After training your model and saving it to MODEL.pth
, you can easily test the output masks on your images via the CLI.
To predict a single image and save it:
python predict.py -i image.jpg -o output.jpg
To predict a multiple images and show them without saving them:
python predict.py -i image1.jpg image2.jpg --viz --no-save
> python predict.py -h
usage: predict.py [-h] [--model FILE] --input INPUT [INPUT ...]
[--output INPUT [INPUT ...]] [--viz] [--no-save]
[--mask-threshold MASK_THRESHOLD] [--scale SCALE]
[--size SIZE]
Predict masks from input images
optional arguments:
-h, --help show this help message and exit
--model FILE, -m FILE
Specify the file in which the model is stored
--input INPUT [INPUT ...], -i INPUT [INPUT ...]
Filenames of input images
--output INPUT [INPUT ...], -o INPUT [INPUT ...]
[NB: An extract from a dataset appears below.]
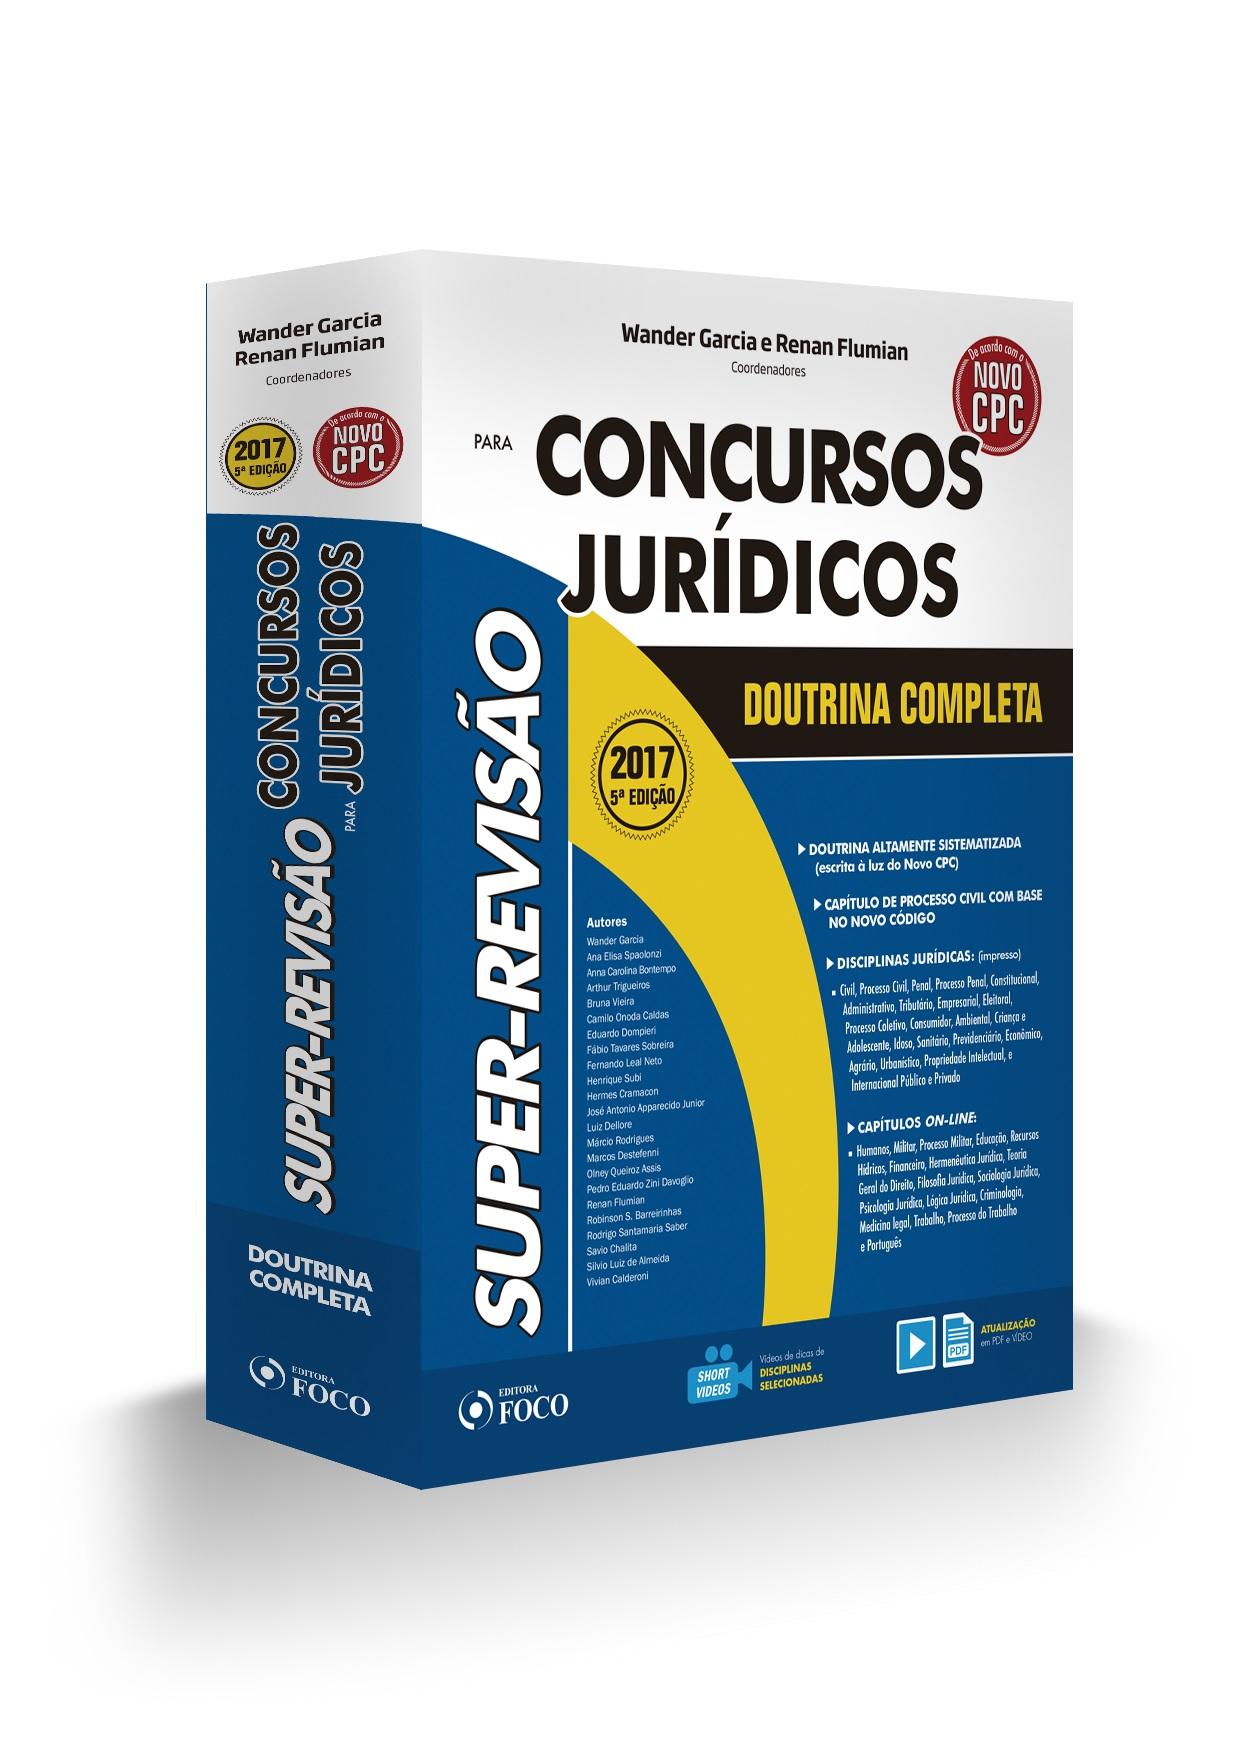 SUPER REVISAO PARA CONCURSOS JURIDICOS - DOUTRINA COMPLETA - 5ª ED - 2017

Filenames of output images
--viz, -v Visualize the images as they are processed
--no-save, -n Do not save the output masks
--mask-threshold MASK_THRESHOLD, -t MASK_THRESHOLD
Minimum probability value to consider a mask pixel white
--scale SCALE, -s SCALE
Scale factor for the input images
--size SIZE, -sz SIZE Width and Height of the images
You can specify which model file to use with --model MODEL.pth
.
Same as training, by default, the image resizing(preprocessing) option is size
is [224, 224], which is width and height. You can change it to different size as you wish. If you want to change the option to scale, you can add --scale
(1.0 is the max, which can give better results. If you want to use less memory, you can set it to 0.5.)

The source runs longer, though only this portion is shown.